11C is charged to the black gray scale voltage during a period
corresponding to 3/5 of the 1 frame period depending on the gate
timing control signal of which timing is controlled by the timing
controller 81. In other words, the blocks BL1 to BL5 shown in FIG.
11C are driven at a black data insertion percentage of 60%.
[0076] FIG. 11D shows the case where the blocks BL1 to BL5 are
driven at a black data insertion percentage of 80%. As shown in
FIG. 11D, the first sub-frame period SF1 of the N-th frame period
starts and at the same time, the timing controller 81 supplies the
first pulse P1 of the gate start pulse GSP and the first period
signal T1 of the first gate output enable signal GOE1 to the first
gate drive IC 831 scanning the first block BL1. A time difference
between the first and second pulses P1 and P2 of the gate start
pulse GSP is approximately 1-subframe period. The gate start pulse
GSP generated during the (N-1)-th frame period is shifted to the
fifth gate drive IC 835 through the first to fourth gate drive ICs
831 to 834. Accordingly, the first sub-frame period SF1 of the N-th
frame period starts and at the same time, the second pulse P2 of
the gate start pulse GSP and the third period signal T3 of the
fifth gate output enable signal GOE5 are supplied to the fifth gate
drive IC 835.
[0077] During the first sub-frame period SF1, while the first block
BL1 is scanned by gate pulses sequentially generated in each of the
lines depending on the first pulse P1 of the gate start pulse GSP
and the first period signal T1 of the first gate output enable
signal GOE1, the data drive ICs charge the analog data voltage to
the first block BL1. The second gate output enable signal GOE2 is
held at a high logic voltage during a period of time ranging from a
start of the fourth sub-frame period SF4 of the (N-1)-th frame
period to an end of the first sub-frame period SF1 of the N-th
frame period. The third gate output enable signal GOE3 is held at a
high logic voltage during a period of time ranging from a start of
the fifth sub-frame period SF5 of the (N-1)-th frame period to an
end of the second sub-frame period SF2 of the N-th frame period.

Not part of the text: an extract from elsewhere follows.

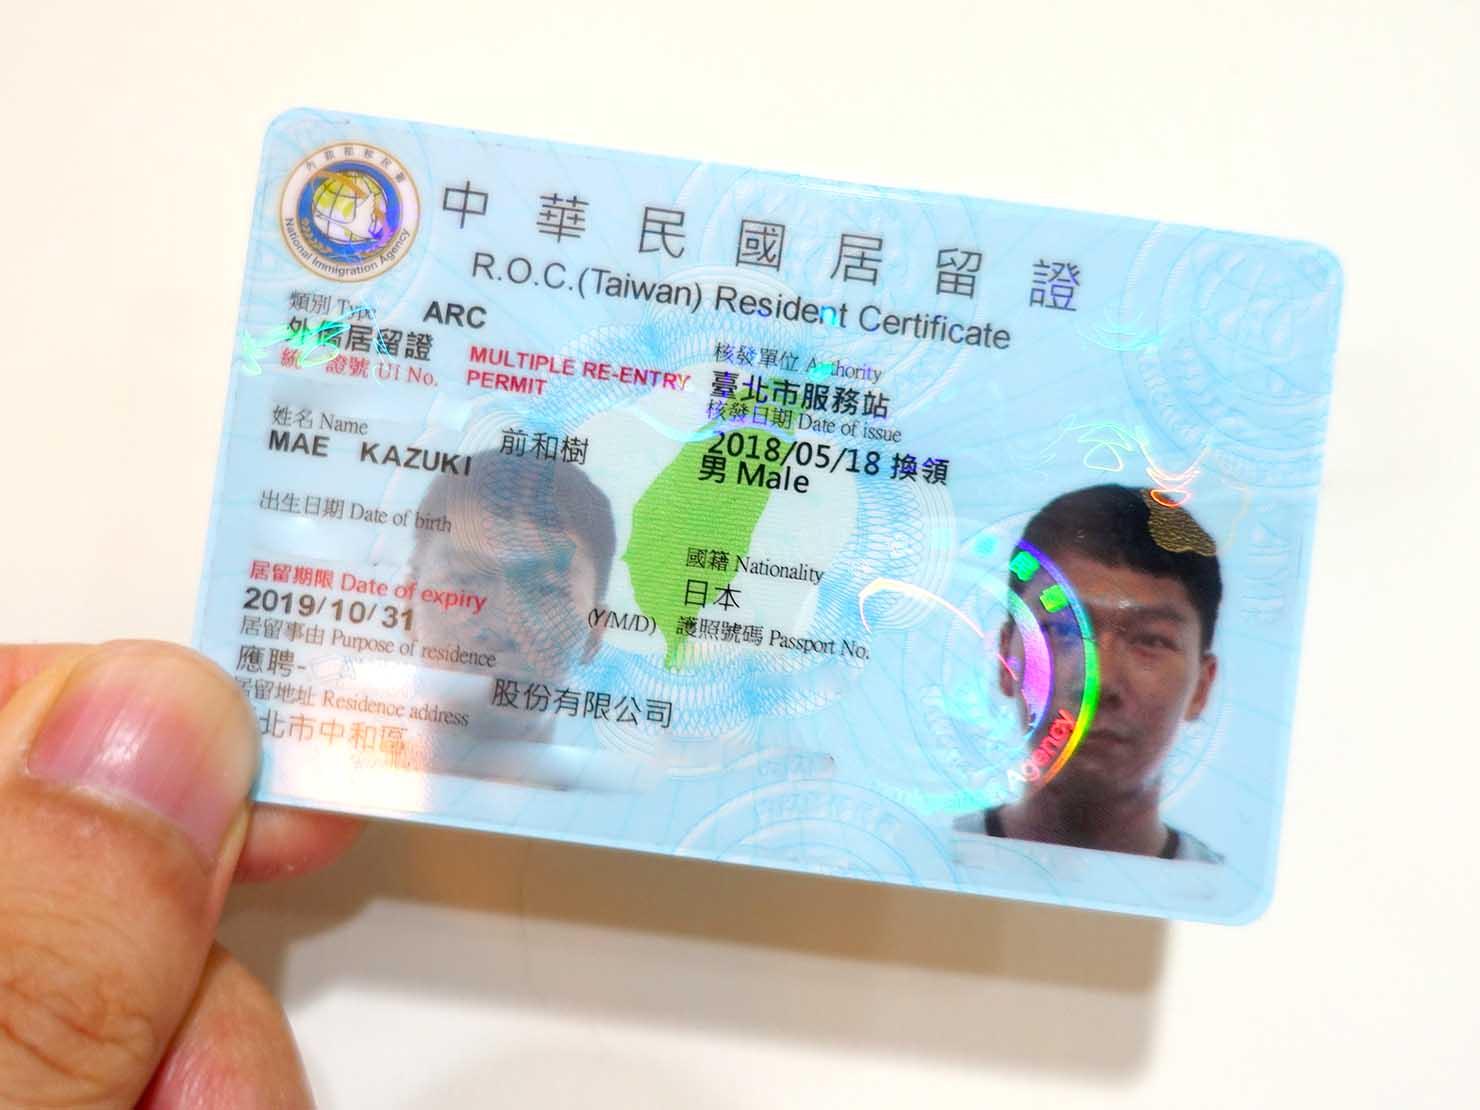 台湾の居留証

The fourth gate output enable signal GOE4 is held at a high logic
voltage during a period of time ranging from a start of the first
sub-frame period SF1 to an end of the third sub-frame period SF3.
Accordingly, during the first sub-frame period SF1, the second
block BL2 is held at the black gray scale voltage charged during
the third sub-frame period SF3 of the (N-1)-th frame period
depending on the second gate output enable signal GOE2. The third
block BL3 is held at the black gray scale voltage charged during
the fourth sub-frame period SF4 of the (N-1)-th frame period
depending on the third gate output enable signal GOE3. The fourth
block BL4 is held at the black gray scale voltage charged during
the fifth sub-frame period SF5 of the (N-1)-th frame period
depending on the fourth gate output enable signal GOE4. While the
fifth block BL5 is scanned by the gate pulses overlapping each
other every the N lines depending on the second pulse P2 of the
gate start pulse GSP and the third period signal T3 of the fifth
output enable signal GOE5, the data drive ICs charge the black gray
scale voltage to the fifth block BL5. Accordingly, during the first
sub-frame period SF1, the first block BL1 operates as a data write
block charged to the data voltage, and the second to fifth blocks
BL2 to BL5 operate as a black write block charged to or held at the
black gray scale voltage.
[0078] During the second sub-frame period SF2, while the first
block BL1 is scanned by the gate pulses overlapping each other
every the N lines depending on the second pulse P2 of the gate
start pulse GSP and the third period signal T3 of the first gate
output enable signal GOE1, the data drive ICs charge the black gray
scale voltage to the first block BL1. While the second block BL2 is
scanned by gate pulses sequentially generated in each of the lines
depending on the first pulse P1 of the gate start pulse GSP and the
first period signal T1 of the second gate output enable signal
GOE2, the data drive ICs charge the analog data voltage to the
second block BL2. The third block BL3 is held at the black gray
scale voltage charged during the fourth sub-frame period SF4 of the
(N-1)-th frame period depending on the third gate output enable
signal GOE3 which is held at a high logic voltage. The fourth block
BL4 is held at the black gray scale voltage charged during the
fifth sub-frame period SF5 of the (N-1)-th frame period depending
on the fourth gate output enable signal GOE4. The fifth gate output
enable signal GOE5 is held at a high logic voltage during a period
of time ranging from a start of the second sub-frame period SF2 to
an end of the fourth sub-frame period SF4. Accordingly, the fifth
block BL5 is held at the black gray scale voltage charged during
the first sub-frame period SF1 depending on the fifth gate output
enable signal GOE5 which is held at the high logic voltage.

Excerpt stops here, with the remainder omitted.